Bodie managed to keep the mouthful of whisky he'd just taken from coming out his nose, but failed to keep it from going down the wrong pipe. As he sputtered and choked, Doyle's mother pounded him on the back.
"I'm sorry, Bodie," she said, with an expression that spoke more of amusement that remorse. "I didn't mean to throw you off."
"You might have warned me," Bodie said. "I could've had a heart attack."
"I thought you CI5 types were incapable of being shocked." Yeah, there it was: the tiniest trace of amused glee lurking behind green eyes remarkably like her son's. Margaret Doyle was definitely enjoying herself.
"You Doyles are going to be the death of me," Bodie said, resting his head on one hand.
"Nonsense. You're a strong lad. You'll survive anything we can throw at you."
It was then that the song ended and Doyle returned to the table, looking cautiously between his mother and his partner.
"Everything all right?" Doyle asked.
"She knows," Bodie said, nodding in the direction of Margaret Doyle.
"Knows what?"
"You know."
"I don't..." Doyle began, and then abruptly stopped. He sat down hard at the table and stared at his mother. At least, Bodie thought, he didn't look quite so shocked as when Cath had called.
"How long have you known?" Doyle asked carefully.
"Ages. Since when you were shot, love." Bodie saw a shadow of worry behind the sunny look on her face, even as he felt his own jaw drop open. "Bodie was so worried about you, then."
"But we weren't..." Doyle sputtered and caught Bodie's eye.
Bodie could only shrug. "Don't look at me, mate. I'm beginning to think all the Doyle women are witches."
"Well, if you weren't together then, it was only a matter of time," Margaret Doyle said matter-of-factly. And really, Bodie thought, there was no arguing with that. "I asked Bodie if he made you happy, but he didn't answer. Does he?"
Bodie looked down at the table, more than a little mortified that Doyle's mother was asking about something they barely talked about themselves. Doyle, however, didn't hesitate a moment.
"Yeah. He makes me happy." Bodie looked up to find Doyle grinning at him like a loon.
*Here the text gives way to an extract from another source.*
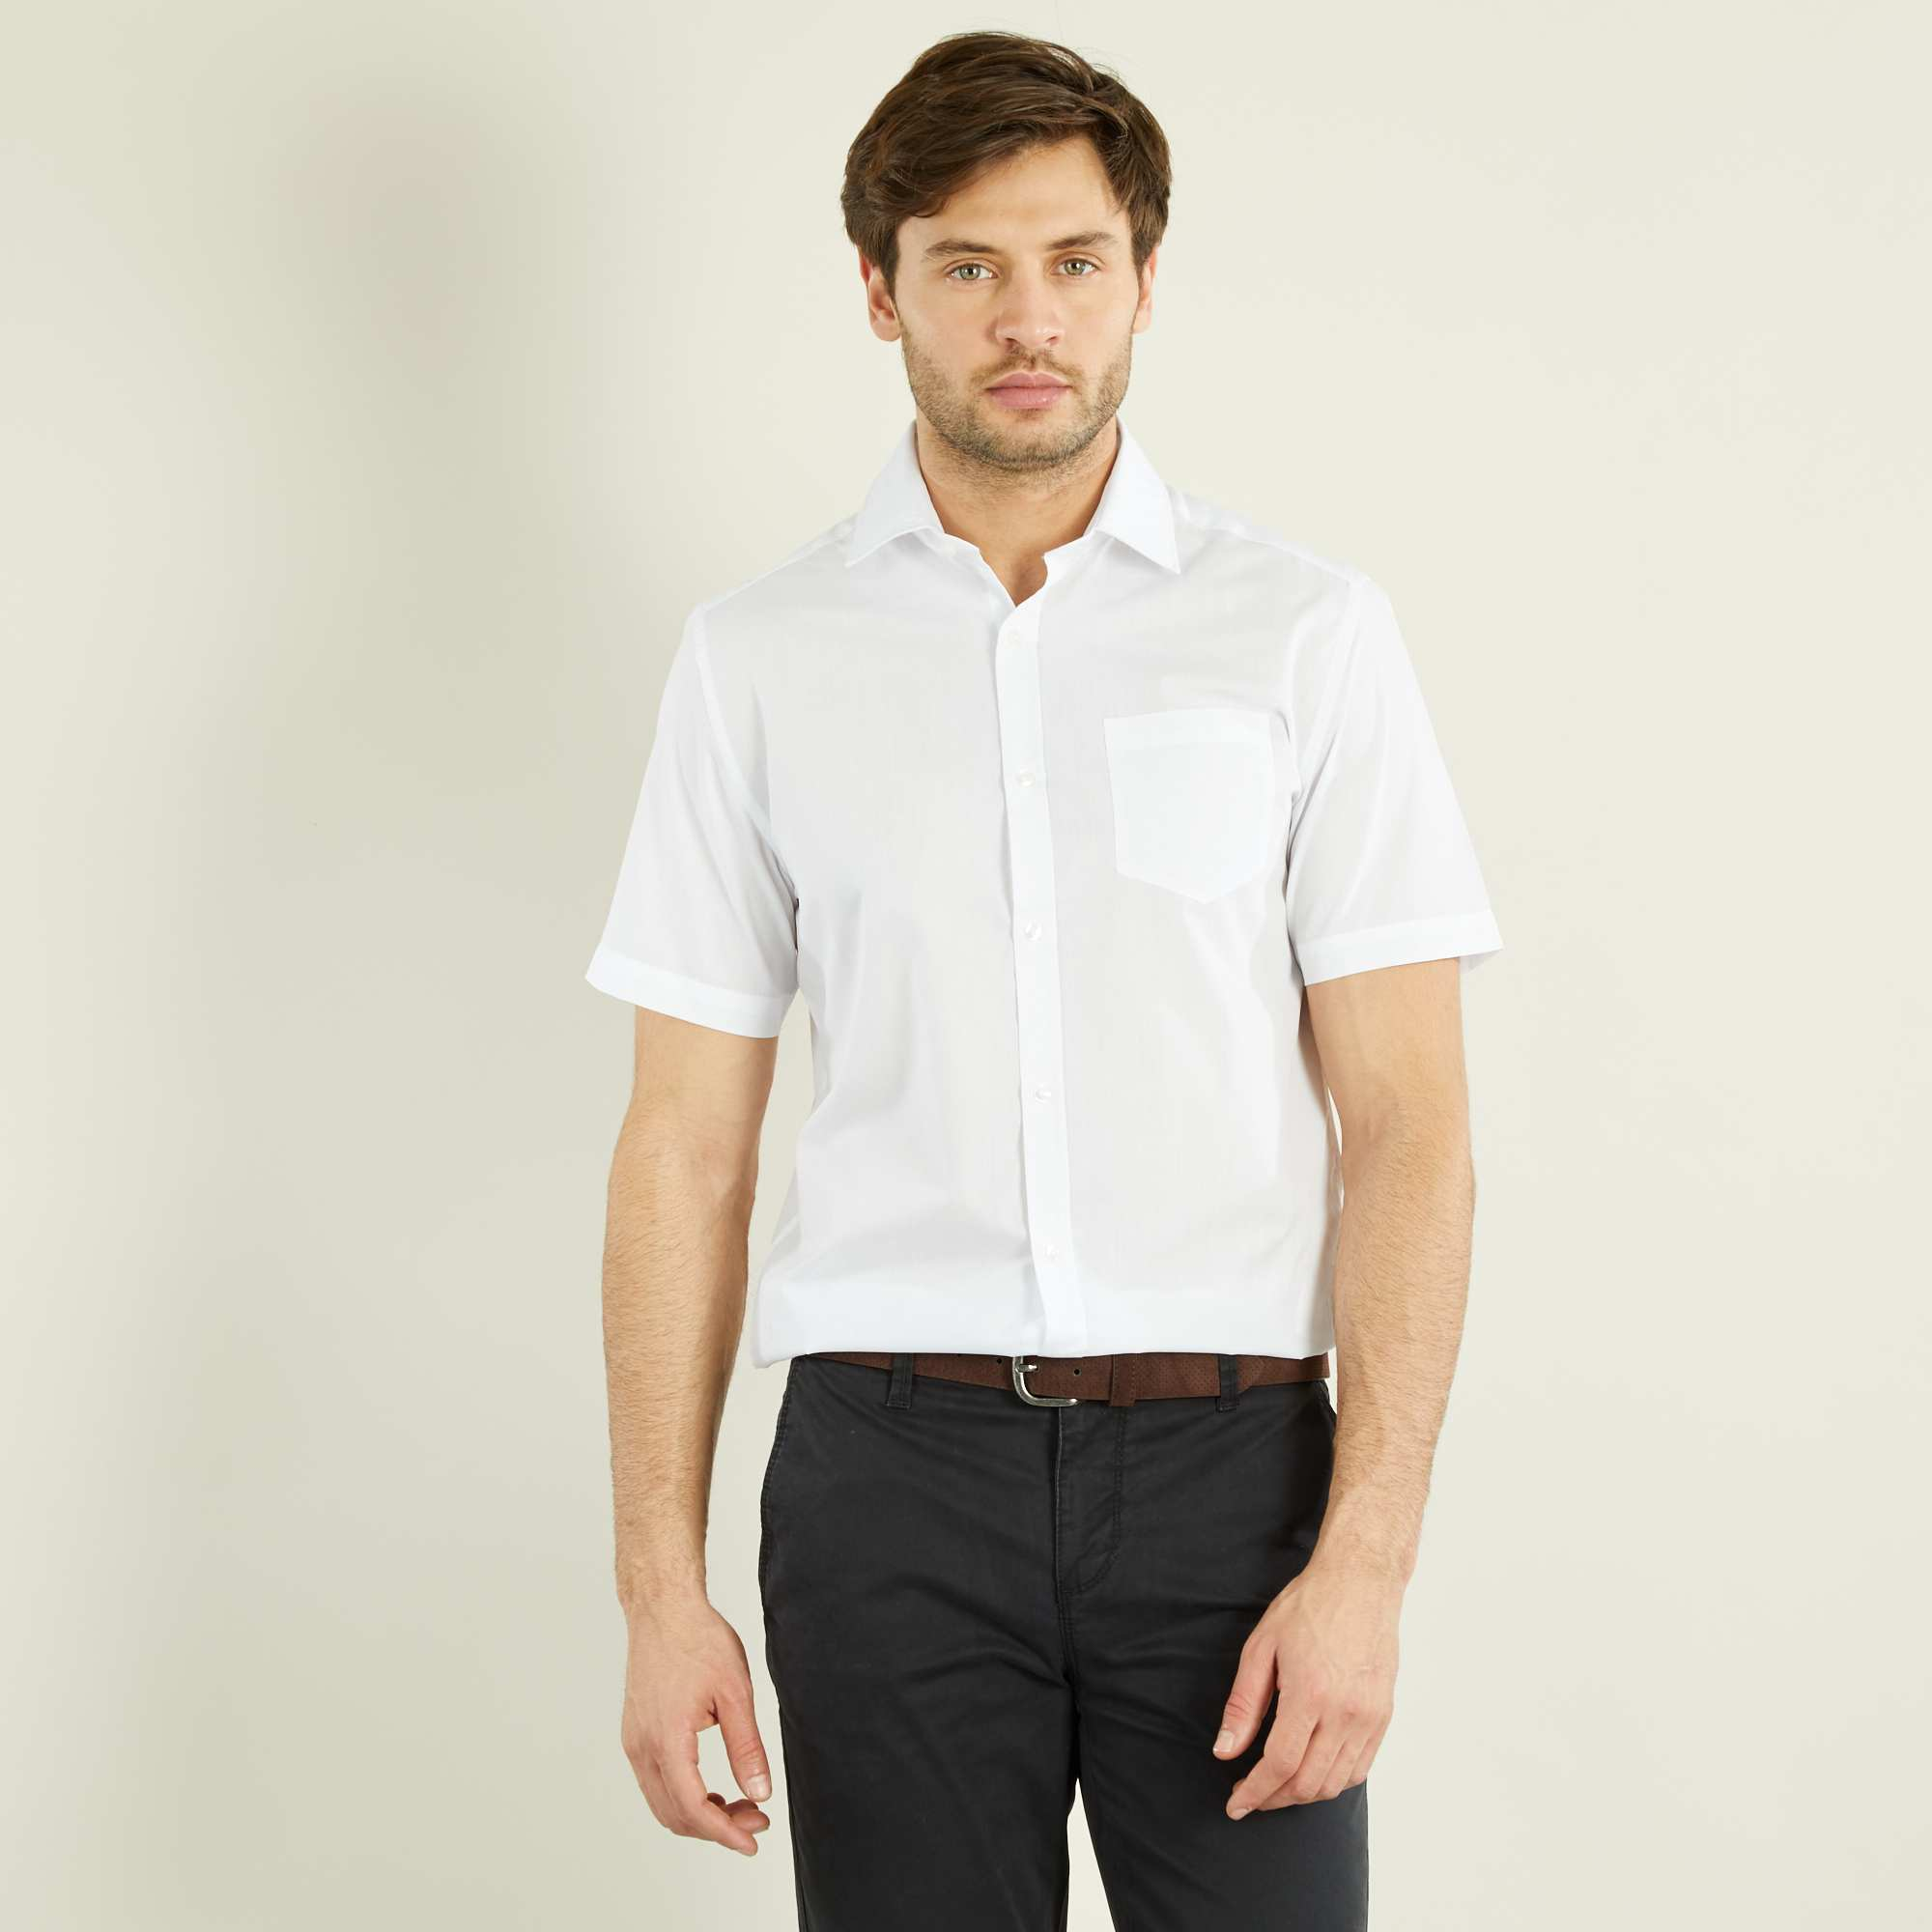 Couleur : blanc, , ,, - Taille : 37/38, , ,,Un look impeccable à petit prix ! - Chemise unie - Regular fit / coupe droite -

"And Ray makes you happy, Bodie?"
"Yeah," Bodie said, more sure of his feelings for Doyle than of anything else in his life. "He does."
"That's all that matters. I only want to see my children happy." With that, she stood, kissed the top of Doyle's curly head, patted Bodie's back and walked over to where Cath and Kevin were saying goodbye to the last of their guests.
Doyle pulled his chair closer to Bodie's and laid a hand on his shoulder.
"I reckon that makes you one of the family, Bodie."
"I reckon you might be right," Bodie said, and placed his own hand over Doyle's, enjoying the feeling of the heat of Doyle's skin beneath his palm. "Best Christmas present I ever had."
"Happy Christmas, you great bastard," Doyle said, squeezing his shoulder.
"Happy Christmas, you mad golli." Bodie stood, ruffled Doyle's curls, and then gave him a grin. "Last one to the door pays for the cab to the hotel," he said quickly, and started running.
Doyle never stood a chance. But then, where Doyle was concerned, neither did Bodie.